(Aim of the task) Please restate each line of the material word for word and omit any pictures.

(Dataset extract)
^^^^^^^^^^^^^^^^
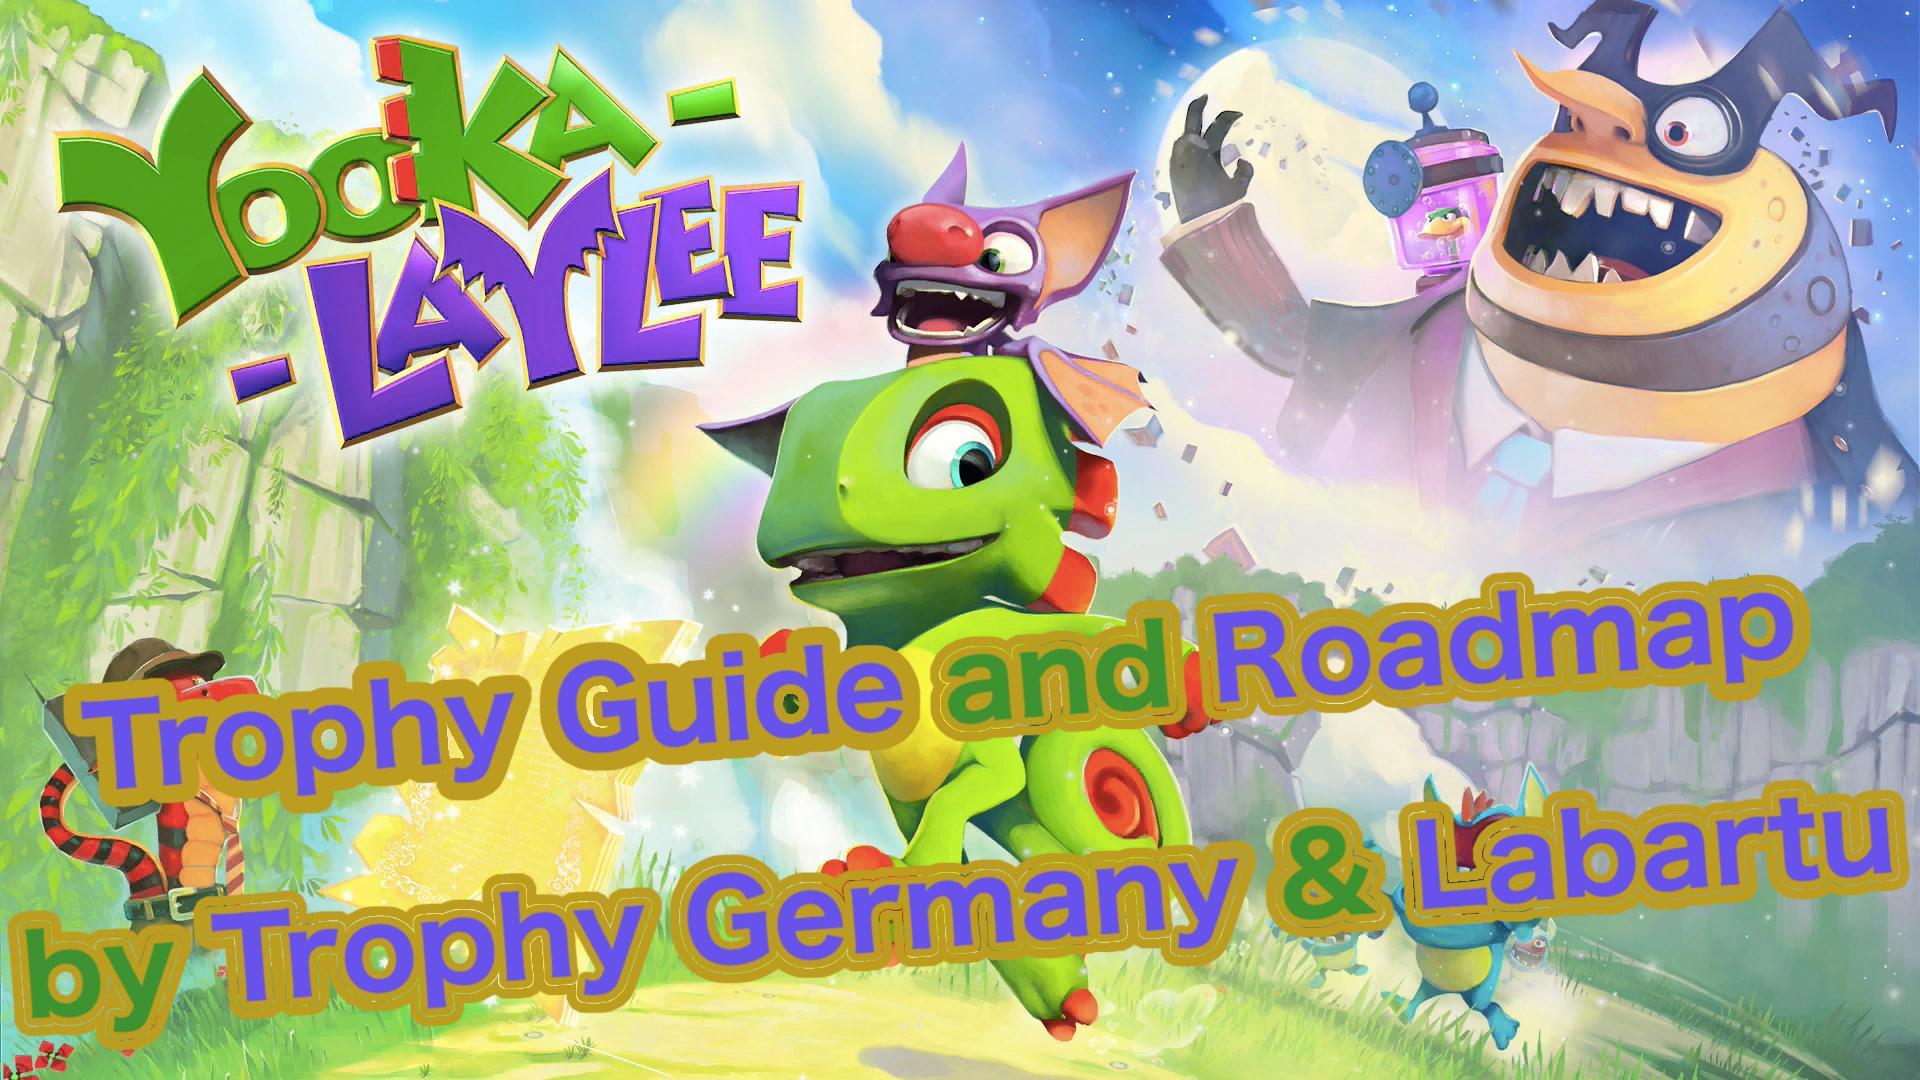 yooka laylee trophy guide
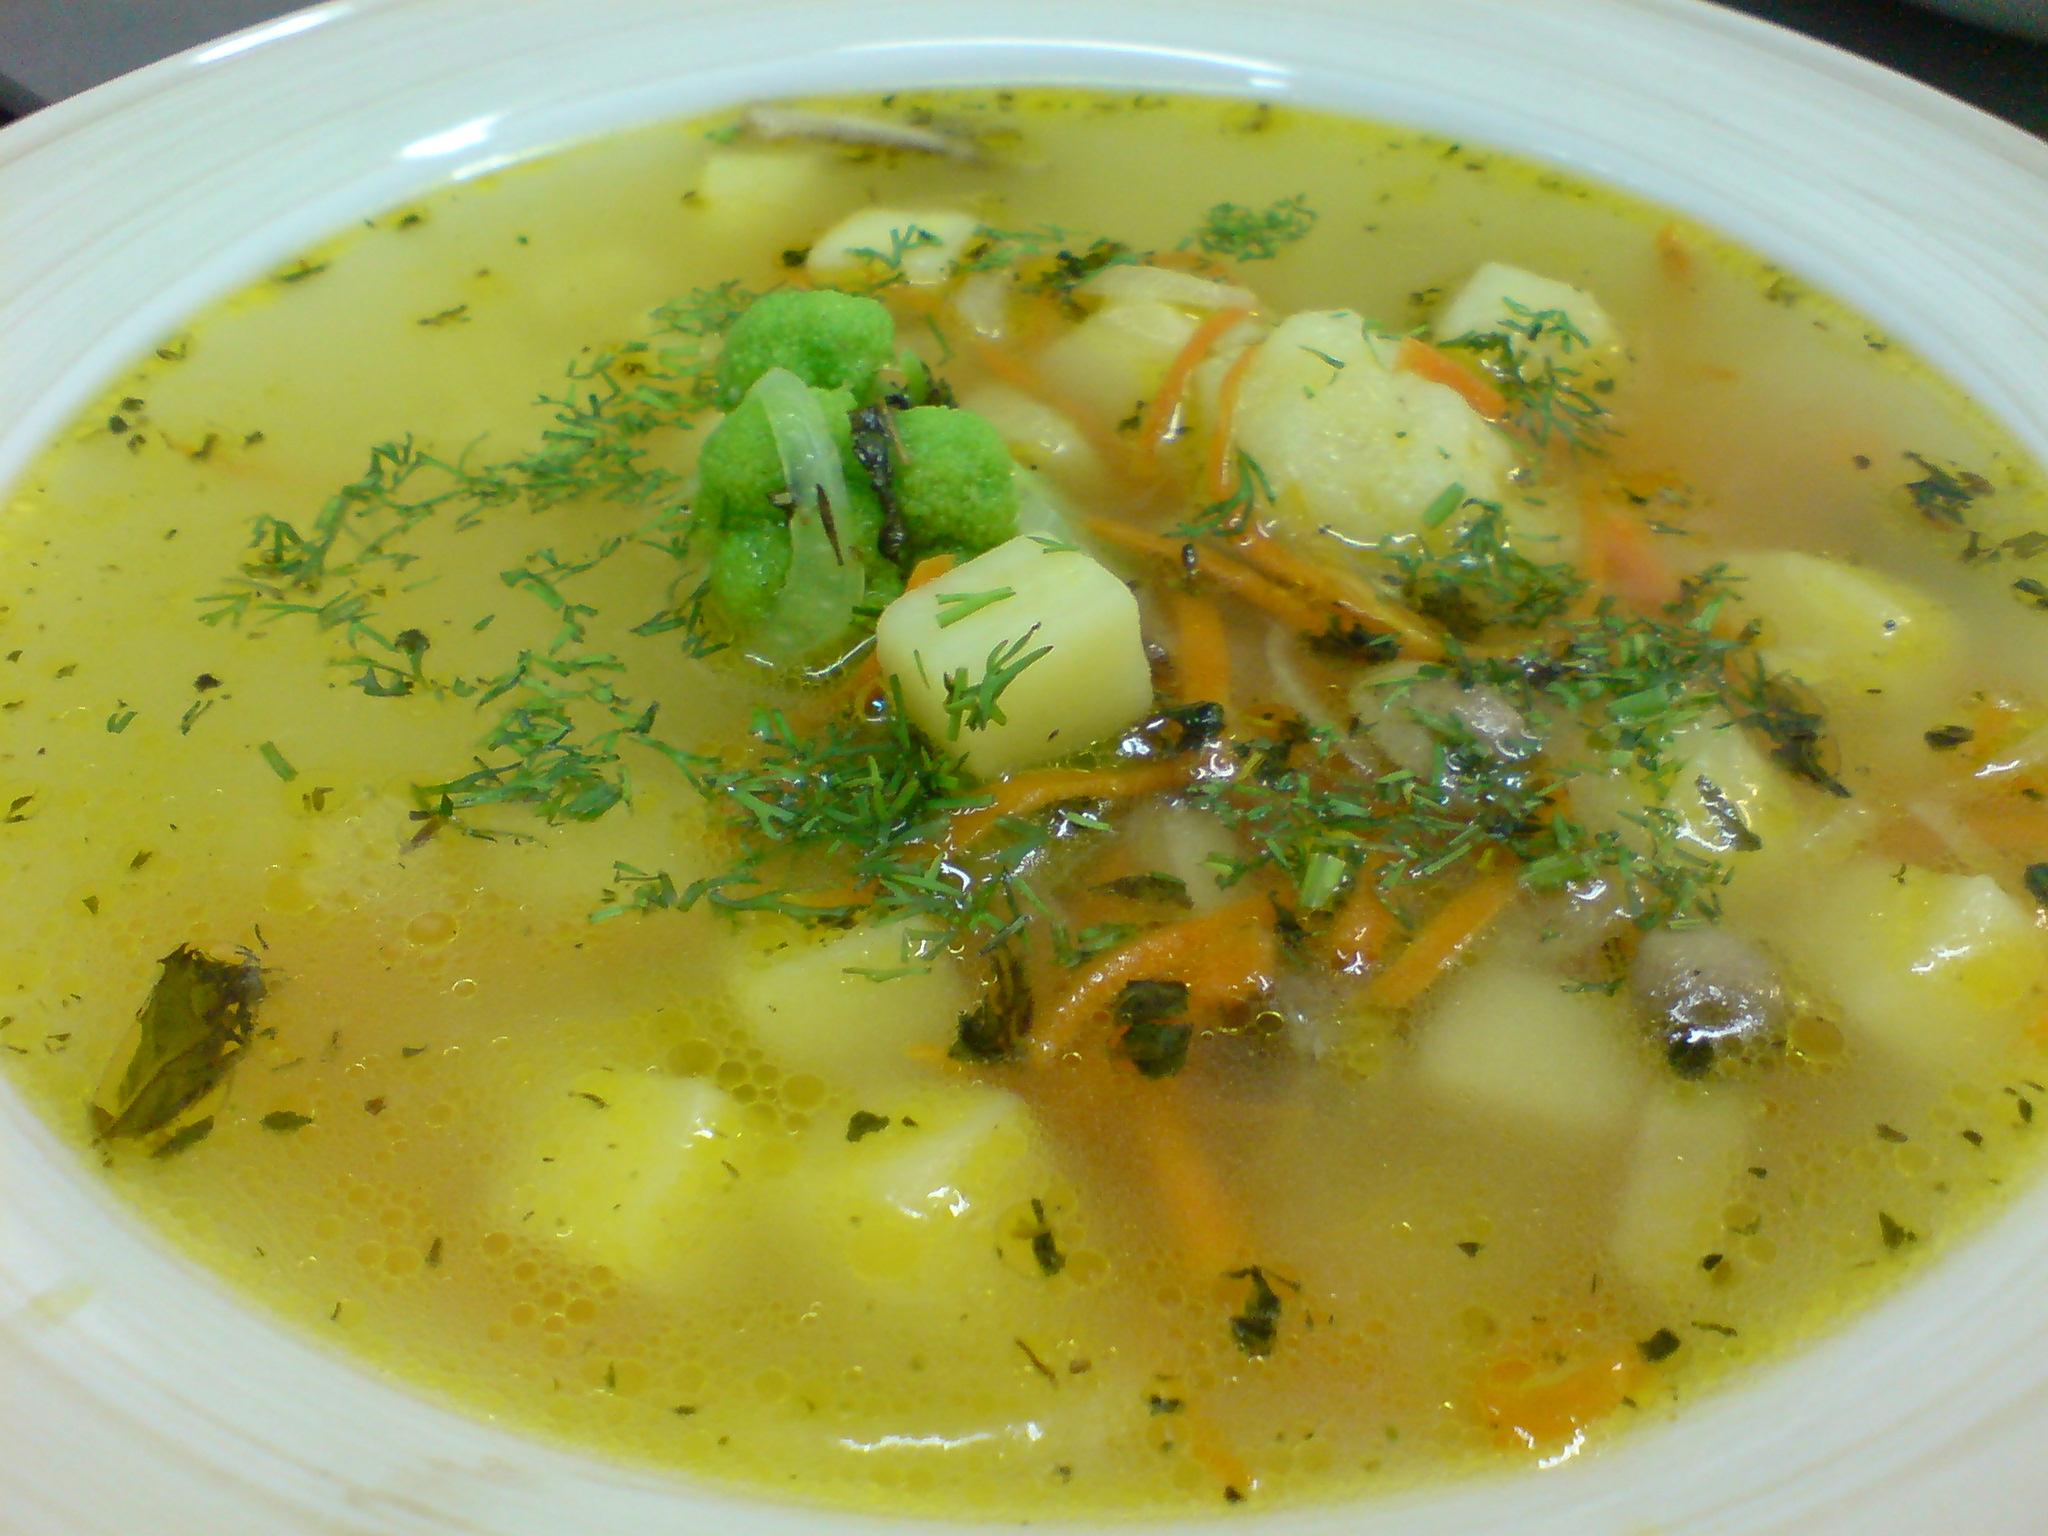 суп на индюшачьем бульоне рецепт с фото
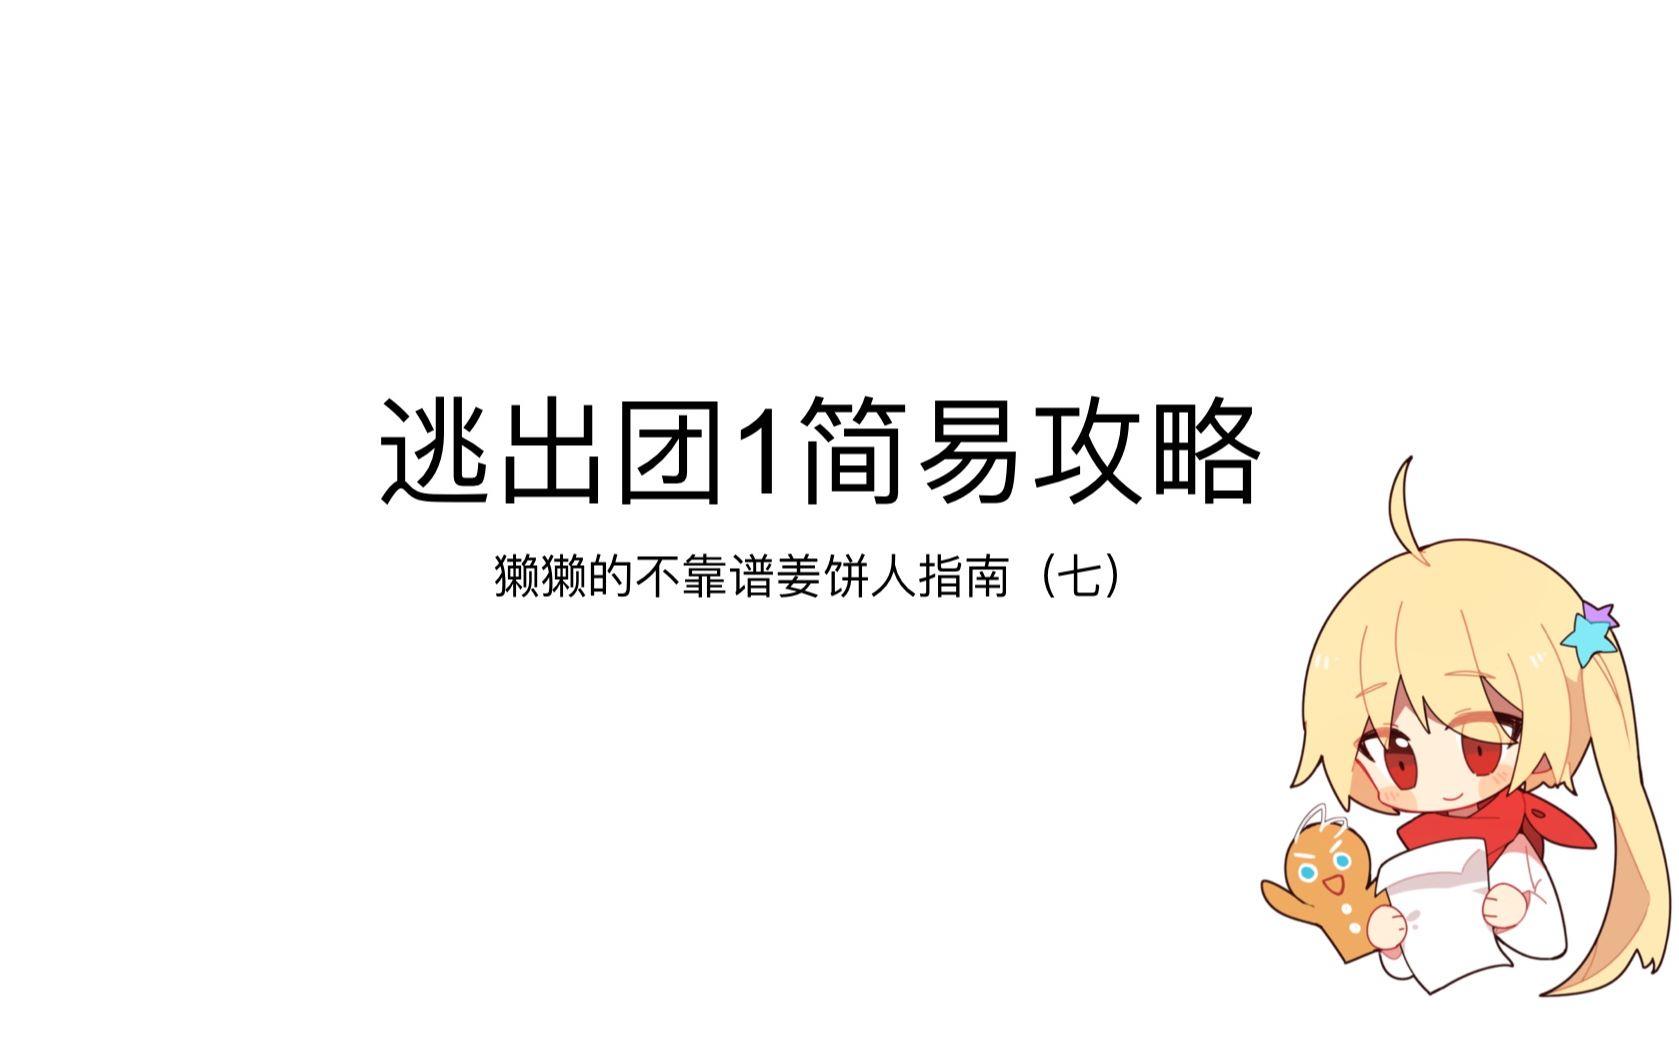 【不靠谱姜饼人指南】第七期:逃出团1简单粗暴攻略
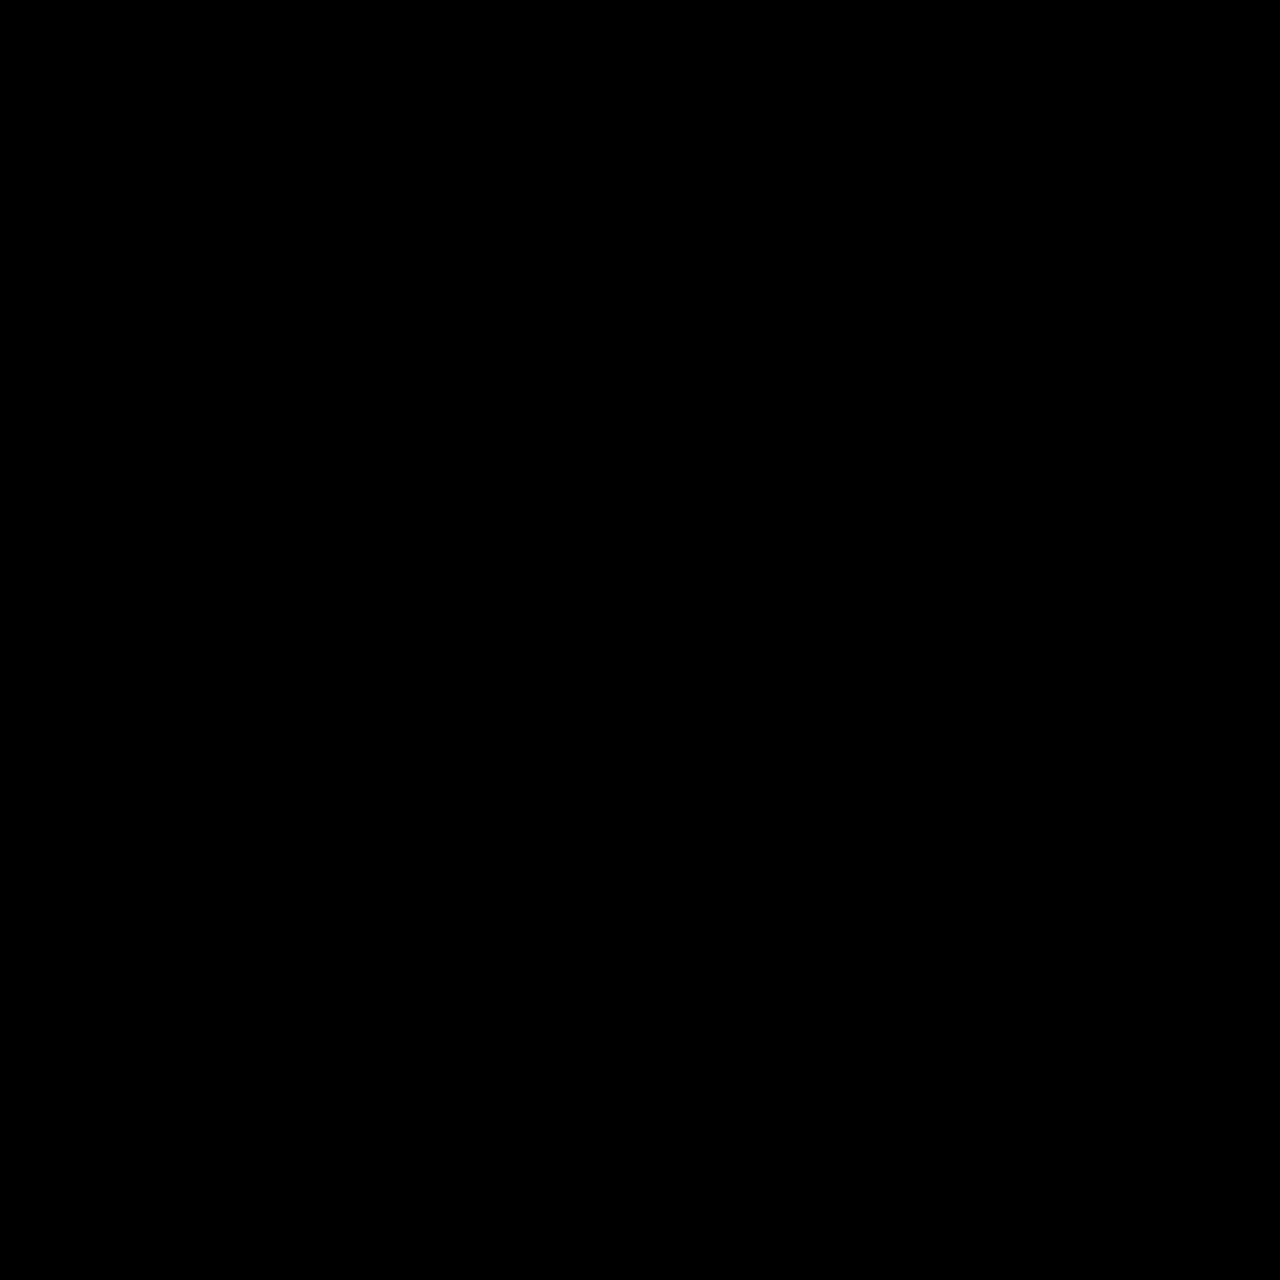 7F7639AE-89EF-45FC-B678-96B02BF7C3C1.png
^^^^^^^^^^^^^^^^
(Response area)
 yooka laylee trophy guide
 суп на индюшачьем бульоне рецепт с фото
 【不靠谱姜饼人指南】第七期:逃出团1简单粗暴攻略
 7F7639AE-89EF-45FC-B678-96B02BF7C3C1.png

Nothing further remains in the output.